Run brancher-mini config to open the interactive setup wizard. Settings are saved to ~/.brancher-minirc.json.

Option Values Default
model gemma-4:e4b — Gemma 3 4B
qwen2.5-coder:3b — Qwen2.5-Coder 3B
Set at first run
gitBehavior staged-only · stage-all Set at first run
executionMode load-on-exec · always-loaded Set at first run
telemetry true · false true (stable releases only)

Daemon

Daemon mode keeps the model loaded between commits for instant generation. It starts automatically when executionMode is set to always-loaded.

bash
brancher-mini daemon status    # check if daemon is running
brancher-mini daemon stop      # stop the daemon

Debug logging

When enabled, every commit run appends a structured log to ~/.brancher-mini/logs/YYYY-MM-DD.log containing the full LLM prompt, output, and any crash details.
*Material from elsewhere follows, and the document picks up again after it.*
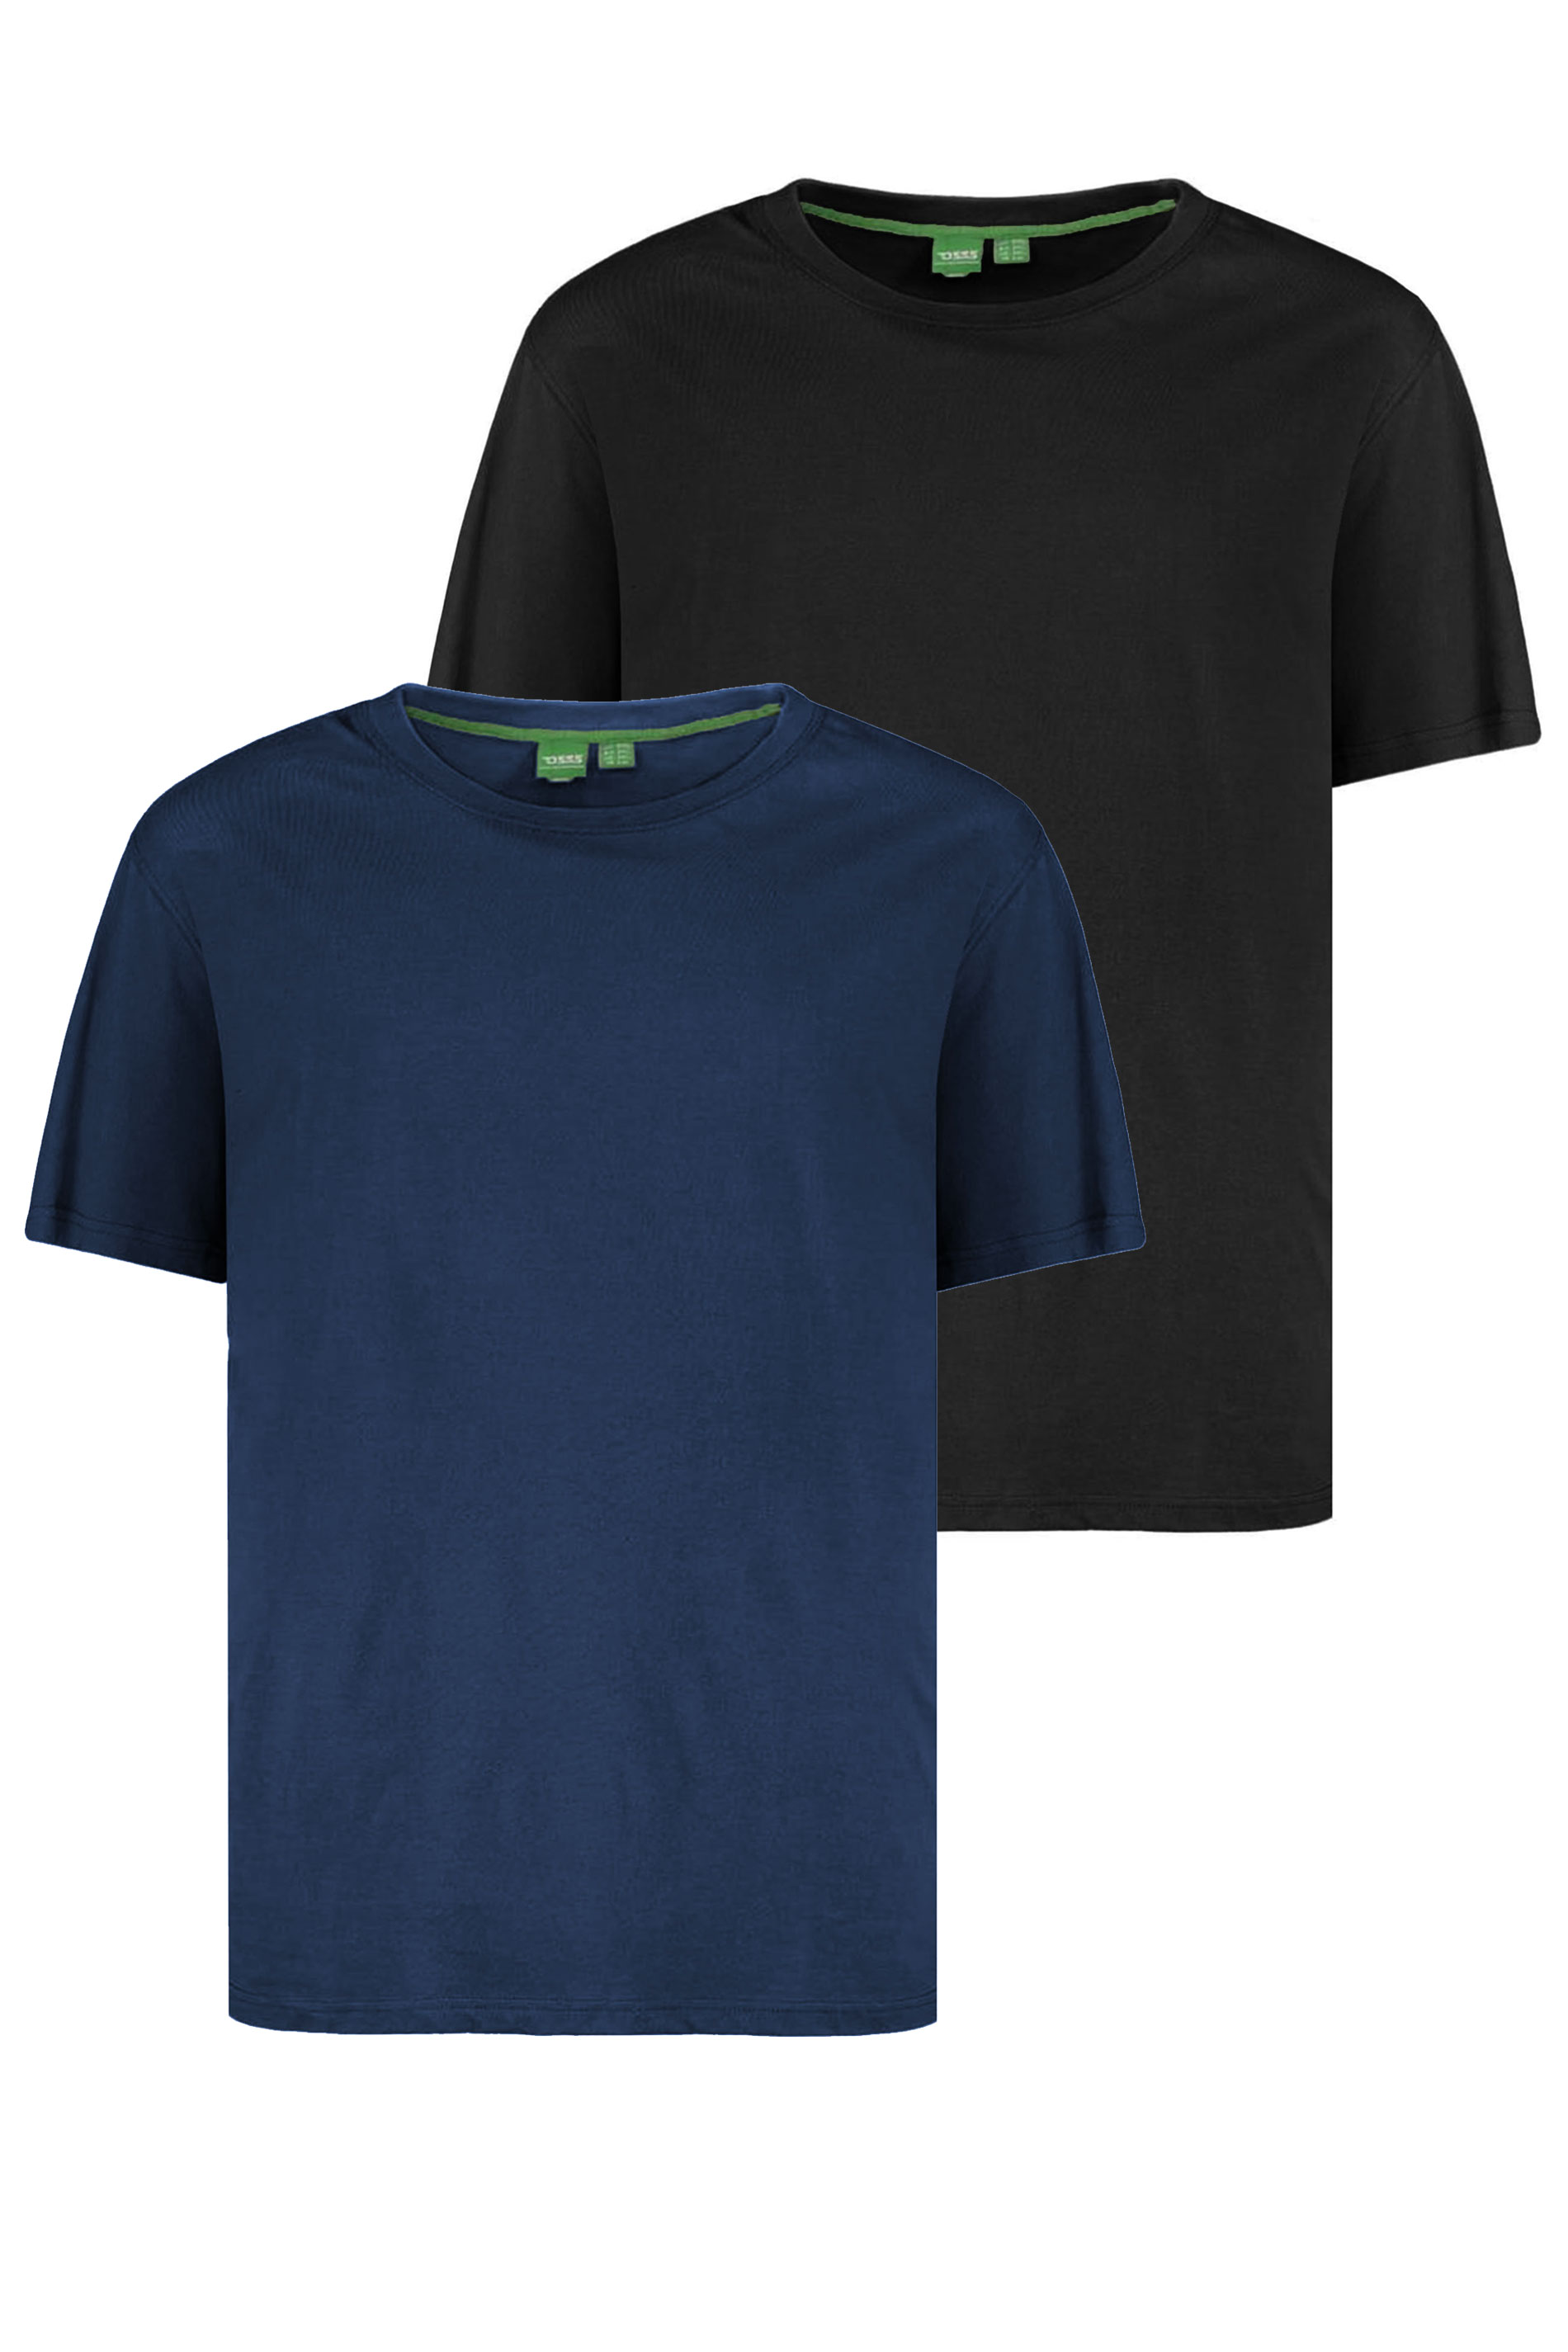 D555 Navy Blue & Black 2 Pack T-Shirts | BadRhino 3

Crash logs are always written regardless of the debug flag.

bash
brancher-mini debug enable     # turn on verbose logging
brancher-mini debug disable    # turn off verbose logging
brancher-mini debug status     # show log file count and size
brancher-mini debug clear      # delete all log files

Under the hood

Tech stack

brancher-mini is a single self-contained binary with no runtime dependencies for end users.

Runtime

Bun + TypeScript — compiled to a self-contained native binary (~60–80 MB). No Node or Bun required on the end-user's machine.

LLM inference

llama-server (llama.cpp's built-in HTTP server) — exposes an OpenAI-compatible API on localhost. Bundled in the release tarball.

Models

GGUF Q4_K_M quantised models from Hugging Face. Downloaded on first use, cached locally. Verified with GGUF magic-byte check after download.

CLI framework

Commander.js for subcommands and flags. Inquirer (@inquirer/select, @inquirer/input) for interactive prompts.

The binary and llama-server are packaged together in a platform-specific .tar.gz and installed by install.sh (Linux/macOS) or install.ps1 (Windows). No package manager, no runtime, no PATH gymnastics beyond a single symlink.